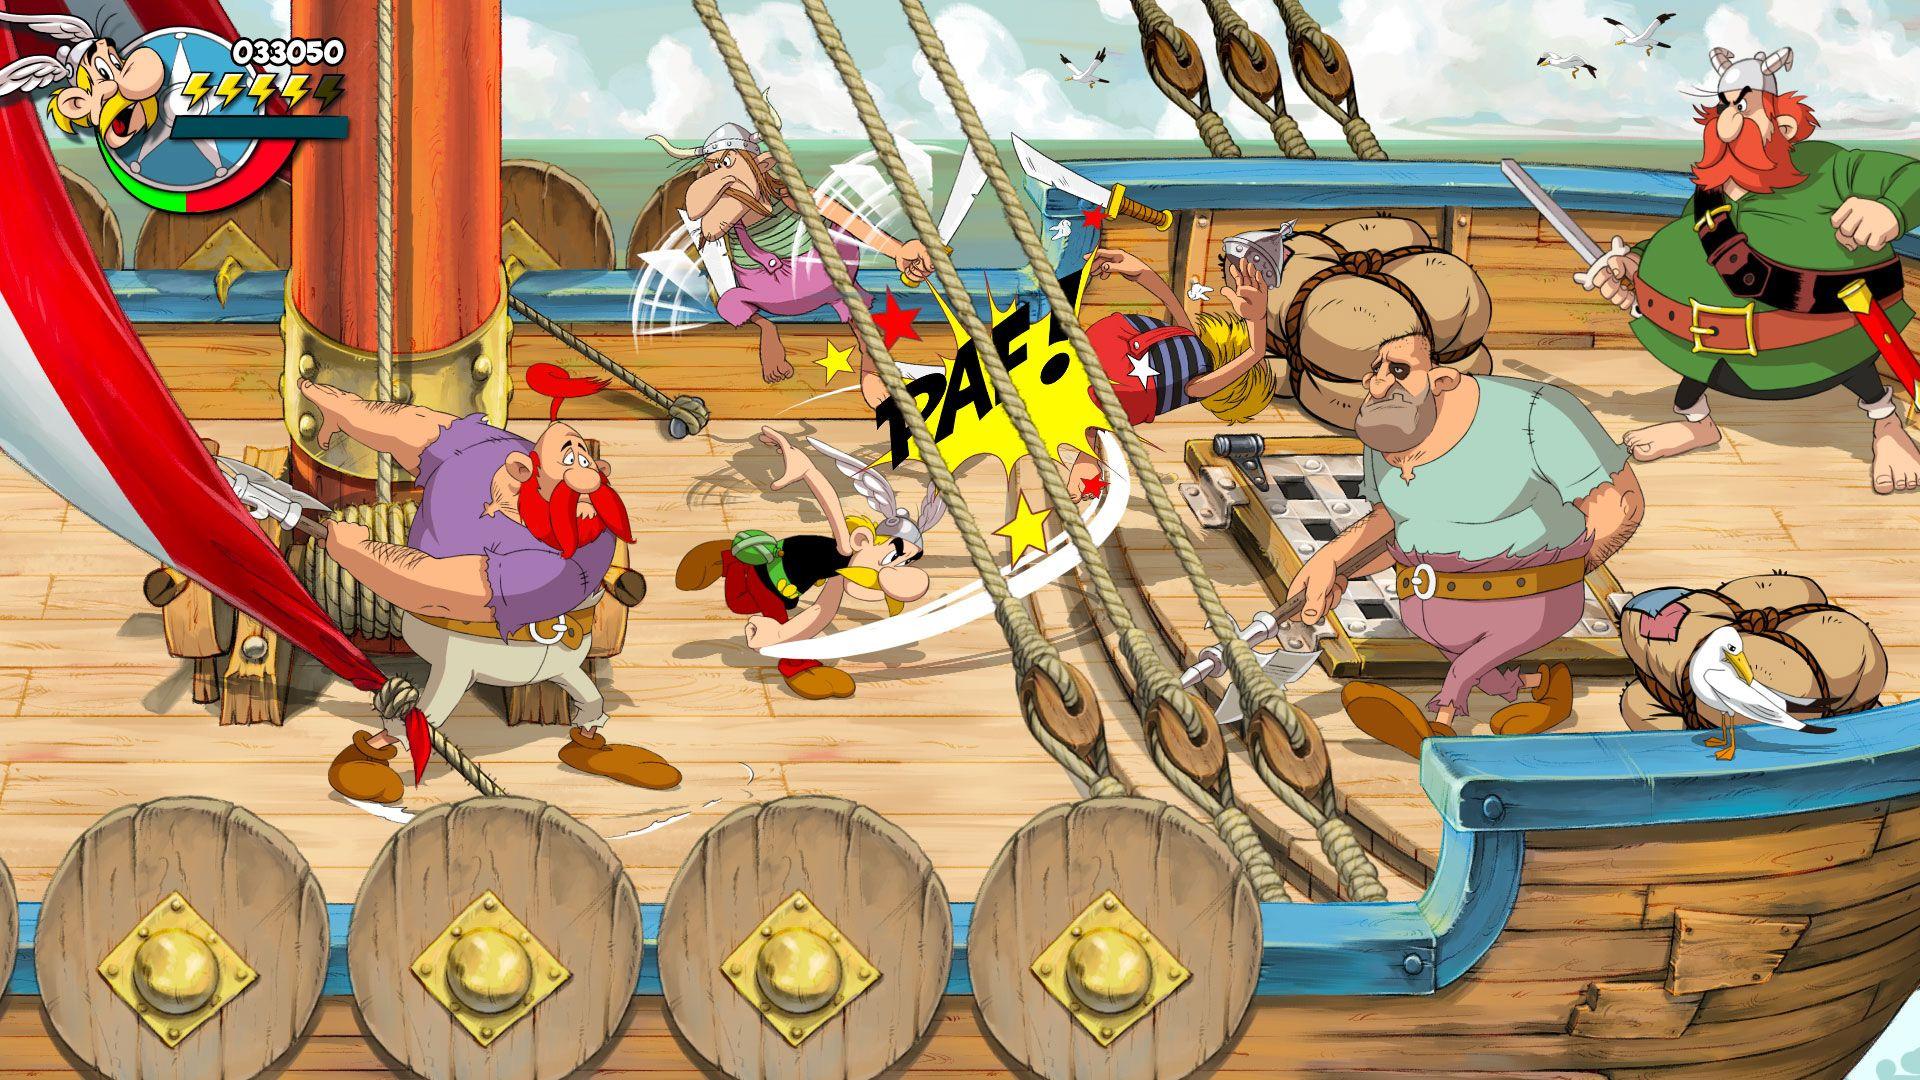 Asterix and Obelix: Slap Them All is a new hand-drawn beat-'em-up screenshot
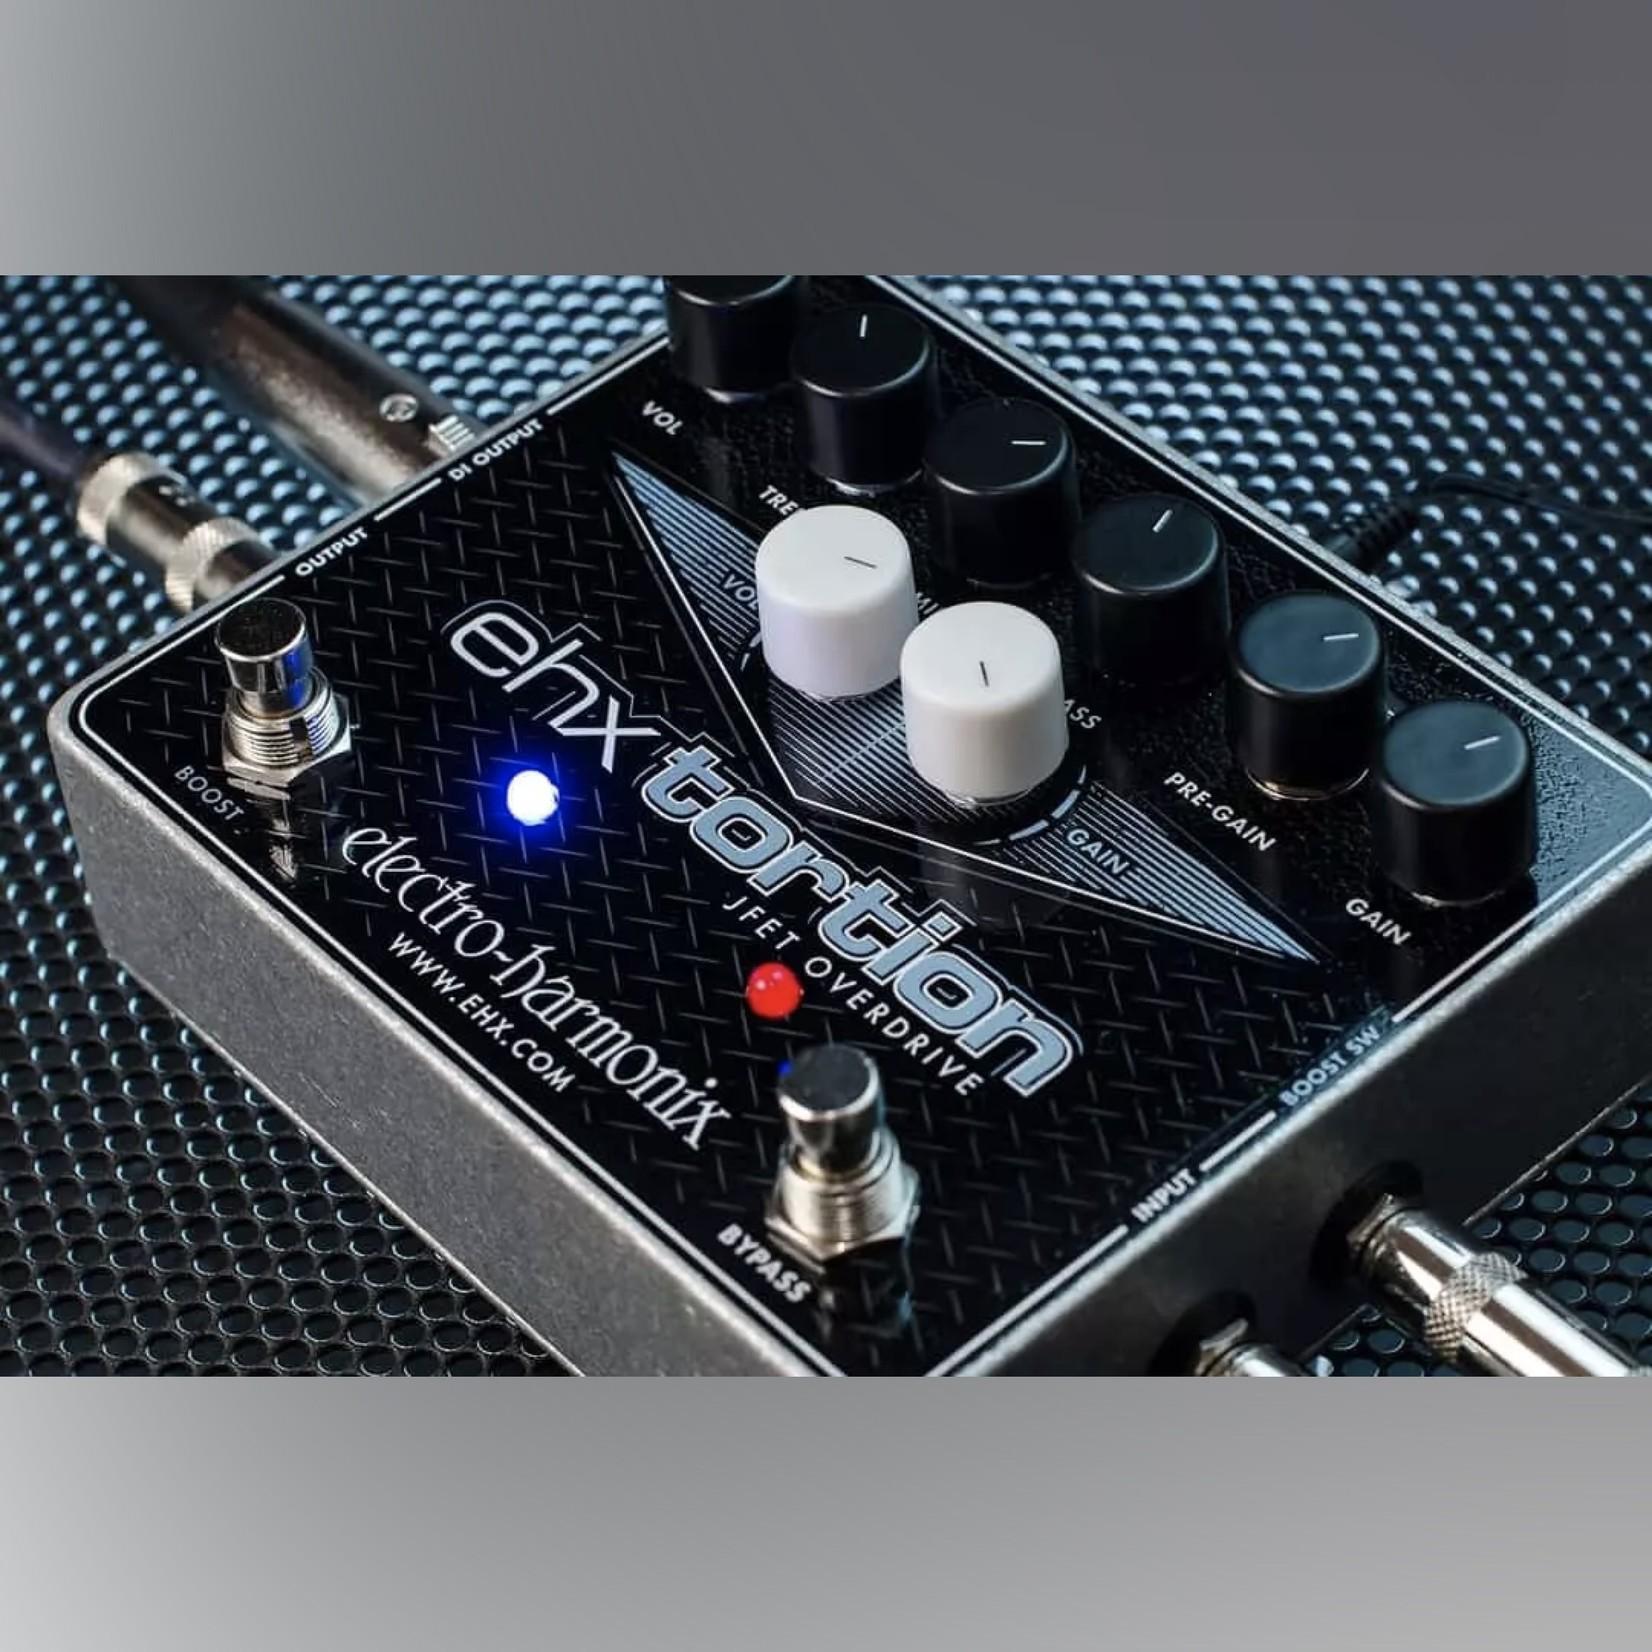 Electro-Harmonix Electro-Harmonix Ehxtortion JFET Overdrive
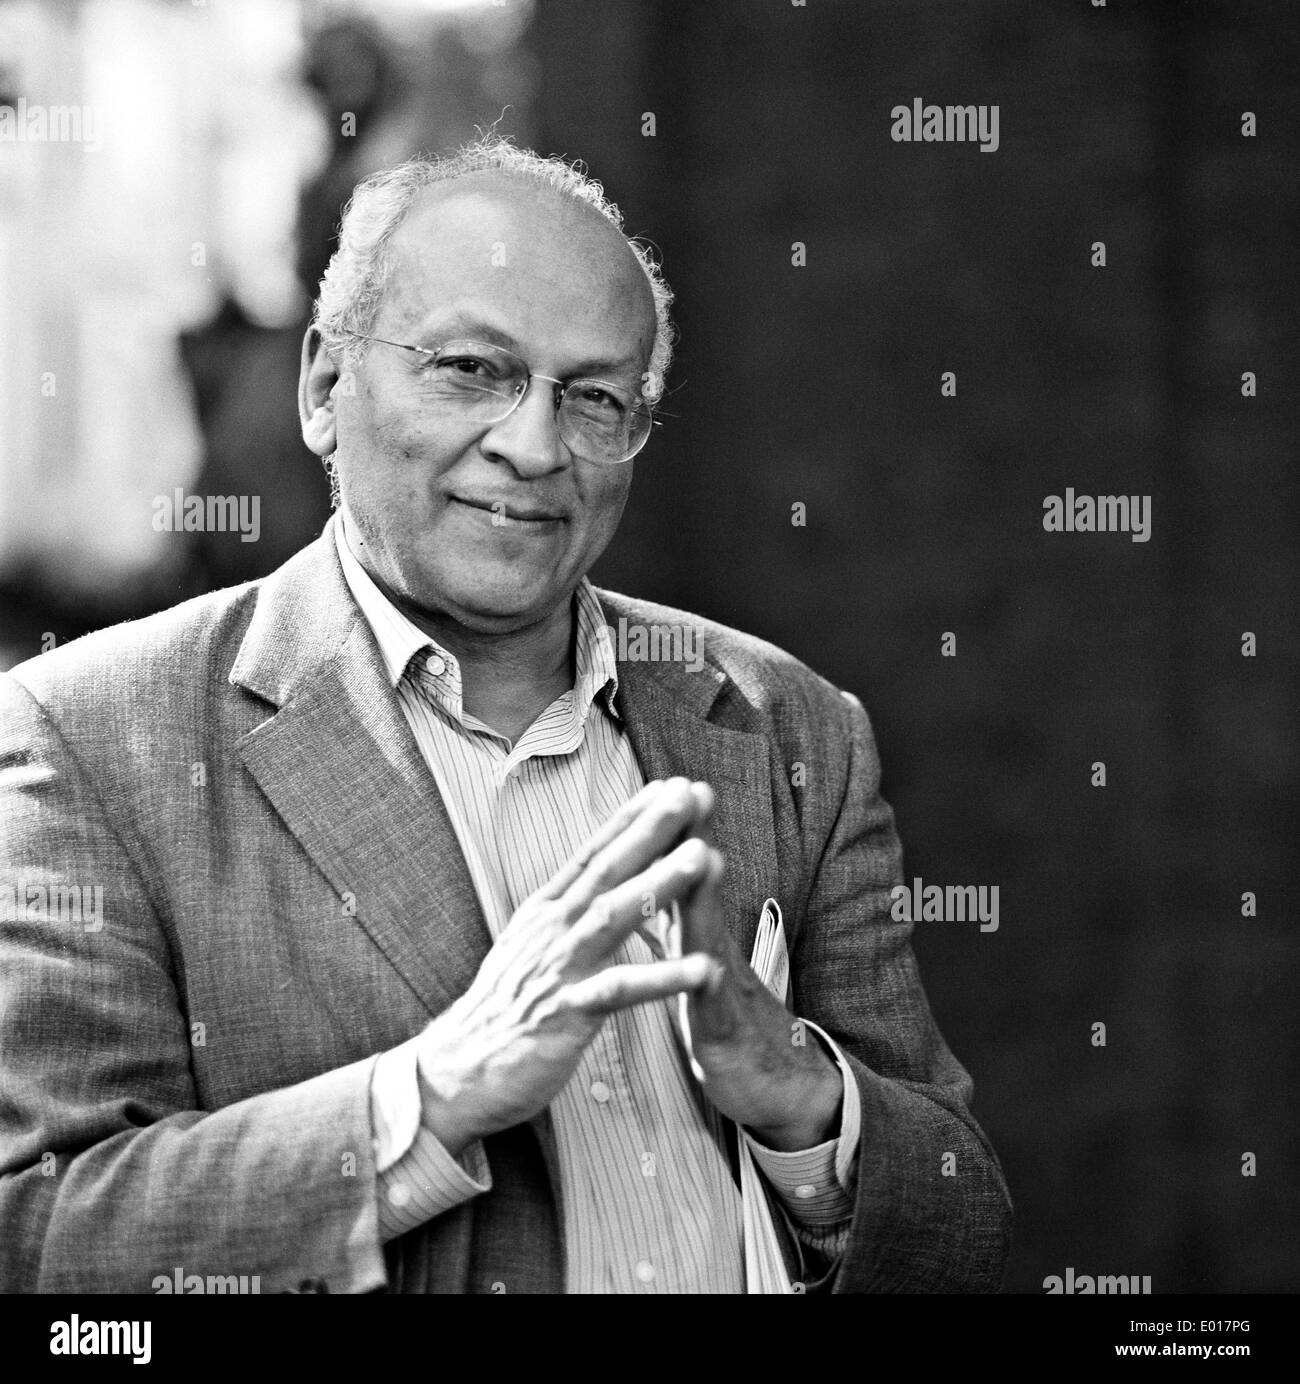 Gamal Al-Ghitani, 2006 - Stock Image
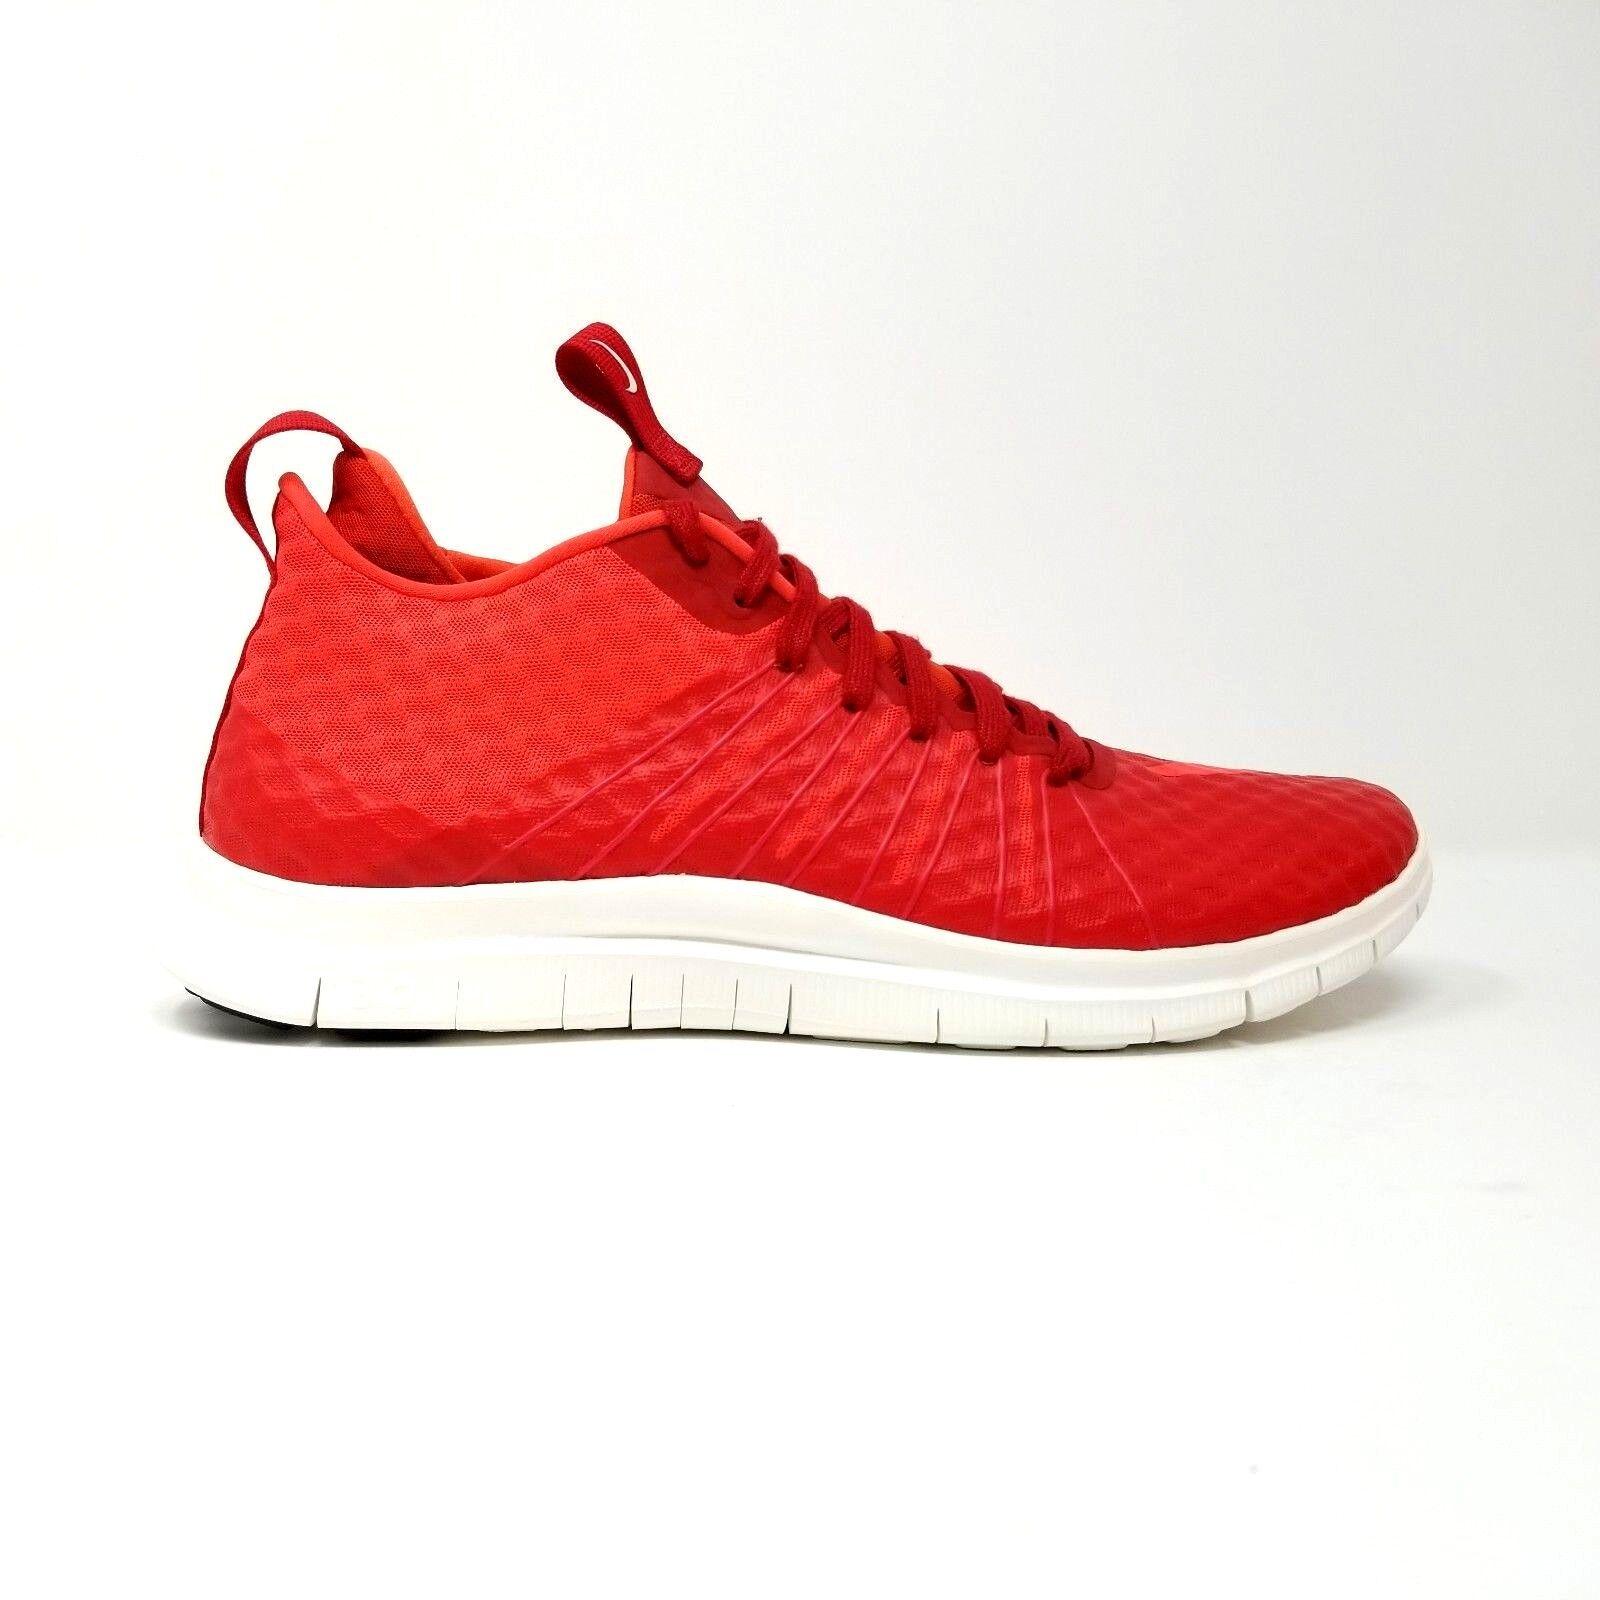 Nike uomini palestra liberi hypervenom 2 fs palestra uomini rosso cremisi avorio taglia 12 805890 600 87bfb6
══════════
# Instructions for the task:
Your answer must be an exact copy of the lines from the one with "Electro-Harmonix Electro-Harmonix Ehxtortion" through the final line of the data, both included, without any pictures.

# Response to the task:
 Electro-Harmonix Electro-Harmonix Ehxtortion JFET Overdrive
 Gamal Al-Ghitani, 2006 - Stock Image
 Nike uomini palestra liberi hypervenom 2 fs palestra uomini rosso cremisi avorio taglia 12 805890 600 87bfb6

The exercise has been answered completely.